DeepStream pipeline blocks when queueing video buffers

Hello,

I am trying to develop a custom deepstream plugin, it can keep several video buffers inside it to do some async network communications. It works like gstreamer queue with min-threshold-buffers property set. I think Gst-nvinferserver also have similiar mechanism.

I have tested it on a gstreamer machine without deepstream SDK, it works well. But the similiar pipeline blocks when I turn to the deepstream platform.

Running this command below can observe the problem, it happens only if I put the queue after nvv4l2decoder plugin.

gst-launch-1.0 filesrc location=[THE LOCAL H264 MP4 FILE PATH] ! qtdemux name=demux demux.video_0 ! queue ! h264parse ! nvv4l2decoder ! queue min-threshold-buffers=10 ! nvegltransform ! nveglglessink

Thank you in advance.

• Hardware Platform (Jetson)
• DeepStream Version 5.0
• JetPack Version 4.4
• TensorRT Version 7.1.3-1

  1. You may misunderstand Gst-nvinferserver, it does not bufer any extra GstBuffer inside it. It does not work in the way you think.
  2. nvv4l2decoder is HW based video decoder, it has only a bufferpool of size 4. When you set queue min-threshold-buffers=10, the HW decoder does not have enough buffers to fill the queue. So the pipeline is blocked. You can limit the queue size to let the pipeline work.

gst-launch-1.0 --gst-debug=v4l2videodec:5 filesrc location=/opt/nvidia/deepstream/deepstream-5.0/samples/streams/sample_720p.mp4 ! qtdemux name=demux demux.video_0 ! queue ! h264parse ! nvv4l2decoder ! queue min-threshold-buffers=10 max-size-buffers=2 ! nvegltransform ! nveglglessink

The “max-size-buffers” value can be 1~4.

Another way is to increase decoder buffers, but this will increase the system memory consumption too. You need to judge according to your requirement and the whole situation of your system.
gst-launch-1.0 filesrc location= gst-launch-1.0 filesrc location=/opt/nvidia/deepstream/deepstream-5.0/samples/streams/sample_720p.mp4 ! qtdemux name=demux demux.video_0 ! queue ! h264parse ! nvv4l2decoder num-extra-surfaces=7 ! queue min-threshold-buffers=10 ! nvegltransform ! nveglglessink

The value of num-extra-surfaces is calculated by 10 - 4 + 1 =7

Thank you Ms. Chen, your answer saved my day. I tested the pipeline according to your suggestion and it works fine.

Actually we do have some Triton servers, and planning to use the plugin Gst-nvinferserver instead of homemade plugin later, I wish I can get more information about its mechanism.

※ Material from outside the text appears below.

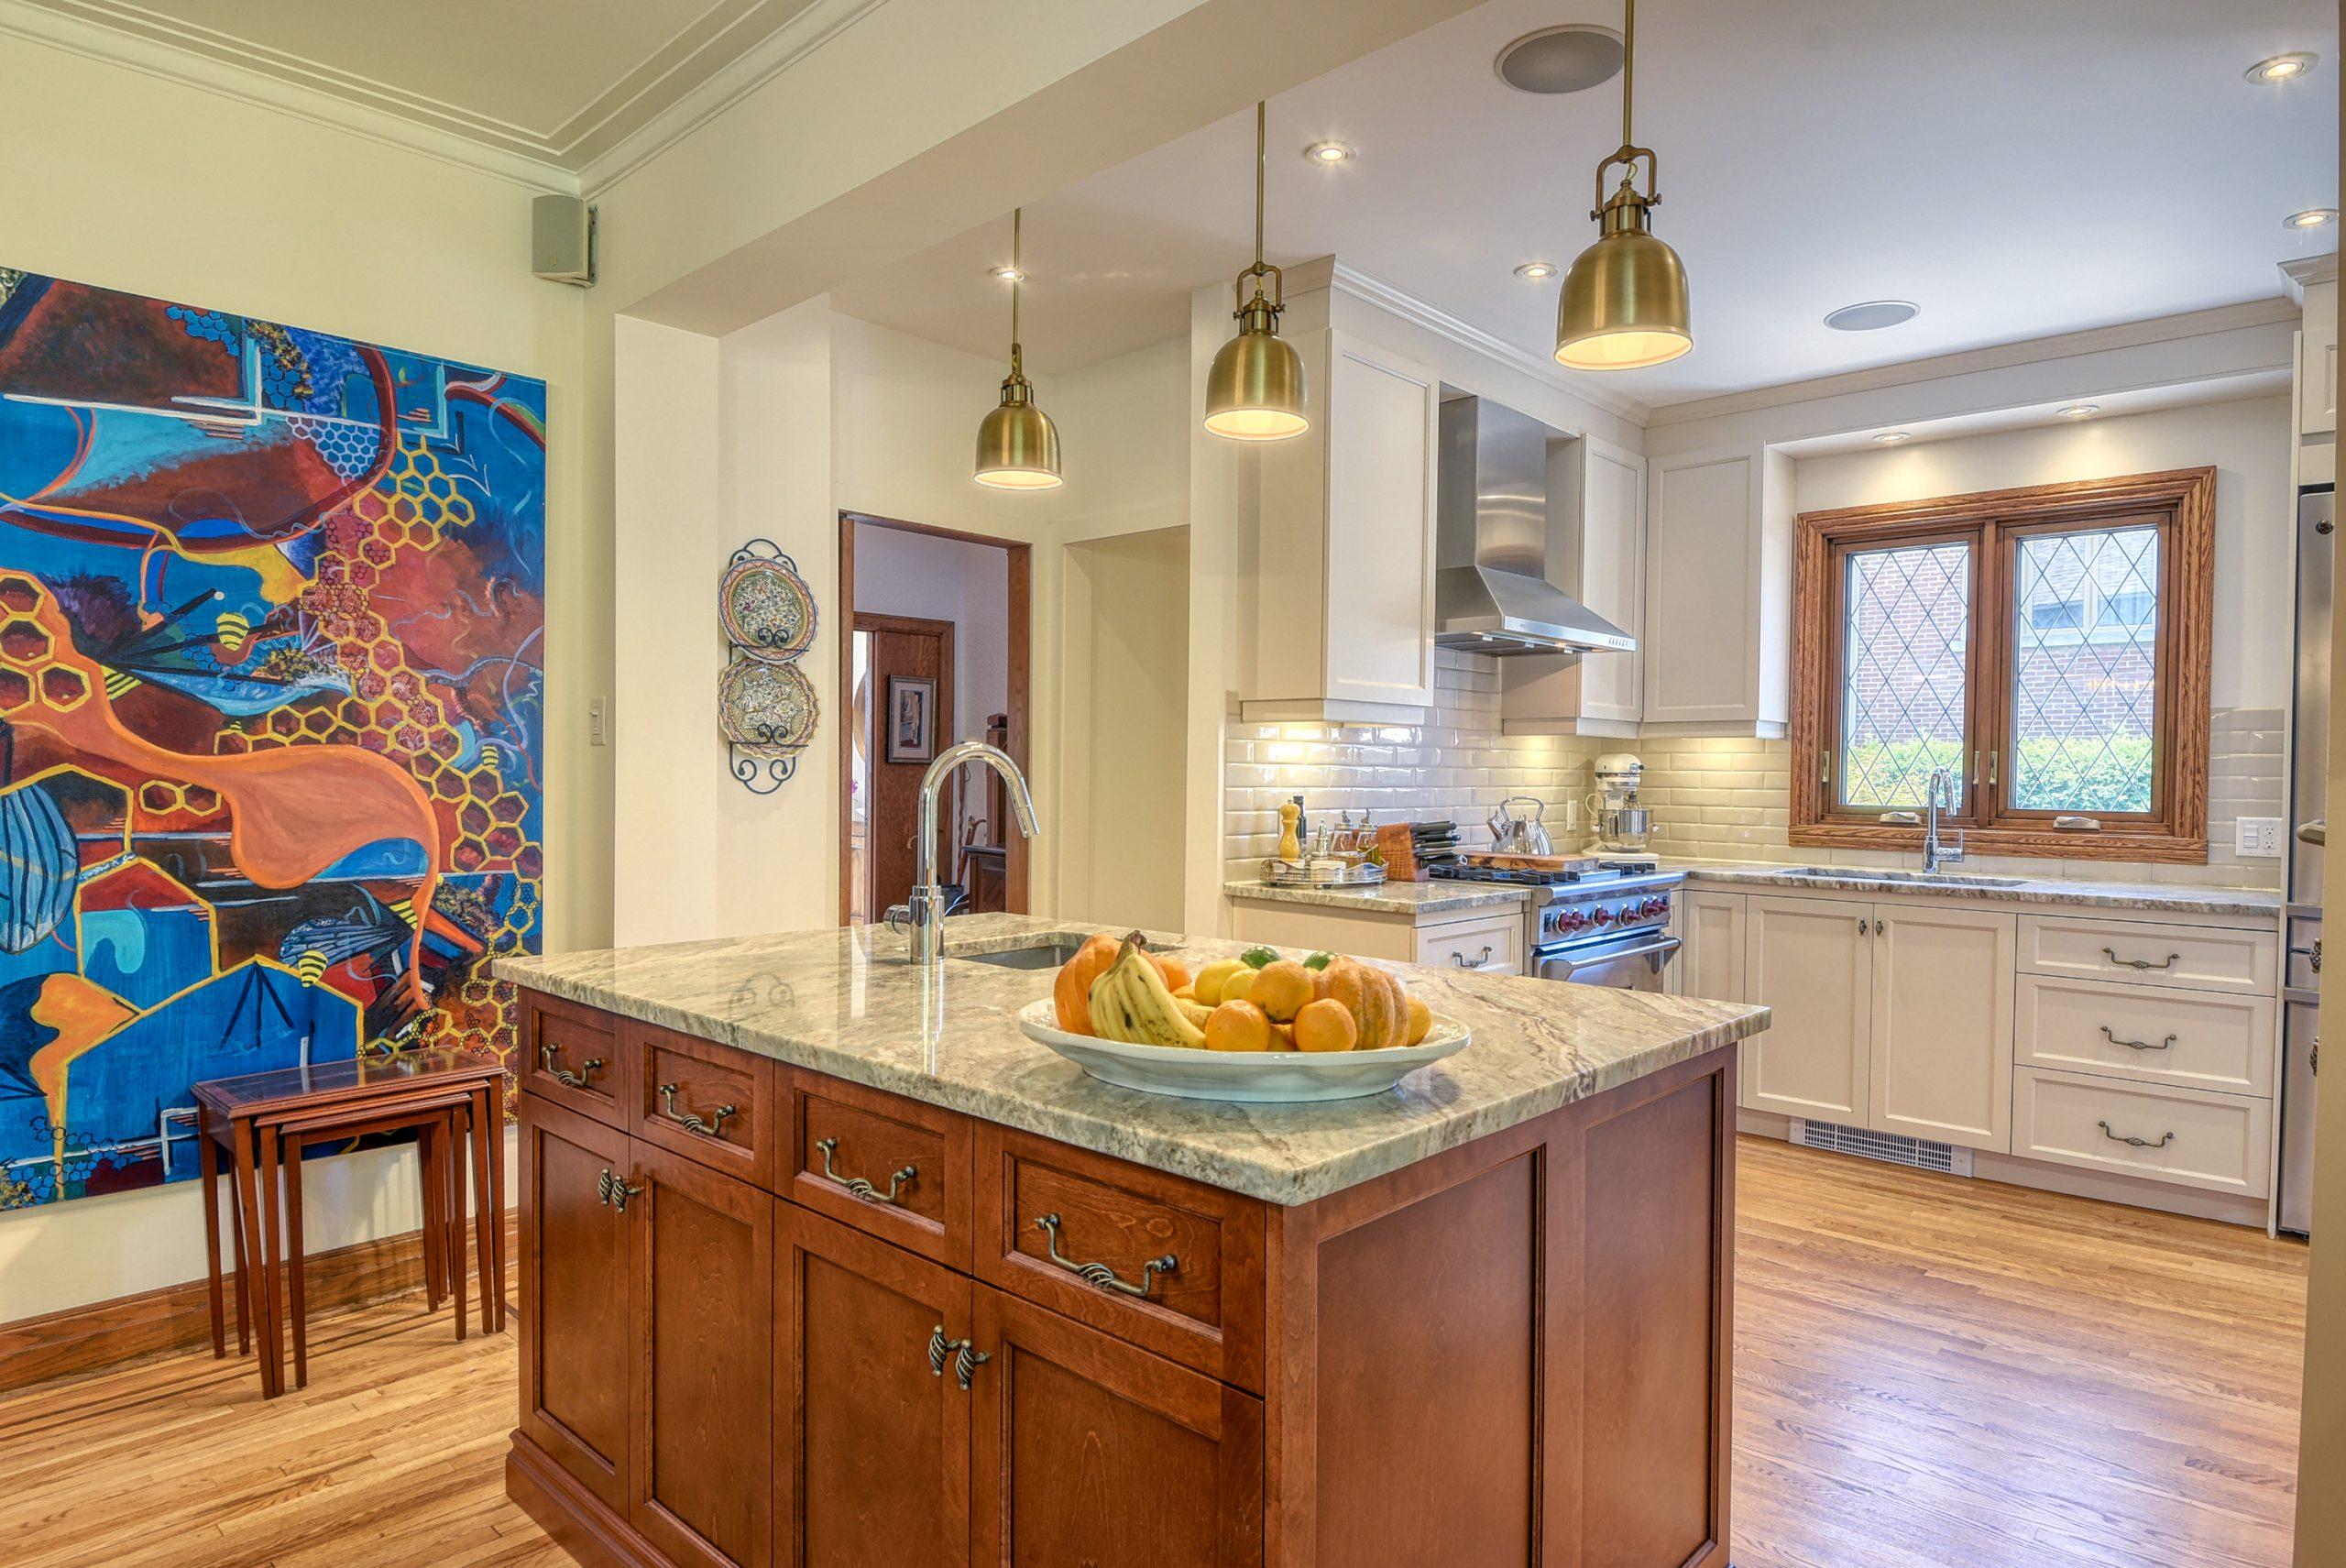 605 Av Berwick Mont Royal Kitchen

Now I know nvinferserver will not keep any buffer, but according to its doc page (https://docs.nvidia.com/metropolis/deepstream/dev-guide/text/DS_plugin_gst-nvinferserver.html):

The Gst-nvinferserver plugin passes the input batched buffers to the low-level library and waits for the results to be available. Meanwhile, it keeps queuing input buffers to the low-level library as they are received.

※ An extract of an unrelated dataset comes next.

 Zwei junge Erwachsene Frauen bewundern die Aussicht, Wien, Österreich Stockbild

…How will it work? It seems nvinferserver still needs to keep (a reference of) each buffer until getting the result response from the server. In other words, it keeps a internal queue to store the to-be-remote-inferred buffers.
Or do it only works in serial, which means, it will accept a new buffer only if it pushes out one old buffer.

The buffer mentioned in the description is not GstBuffer but frame buffer. " the input batched buffers" is only one GstBuffer. gst-nvinferserver handles the input batch by batch but not frame by frame. This is Nvidia defined data structure, and this is the reason why nvstreammux is needed for DeepStream.
Gst-nvstreammux — DeepStream DeepStream Version: 5.0 documentation (nvidia.com)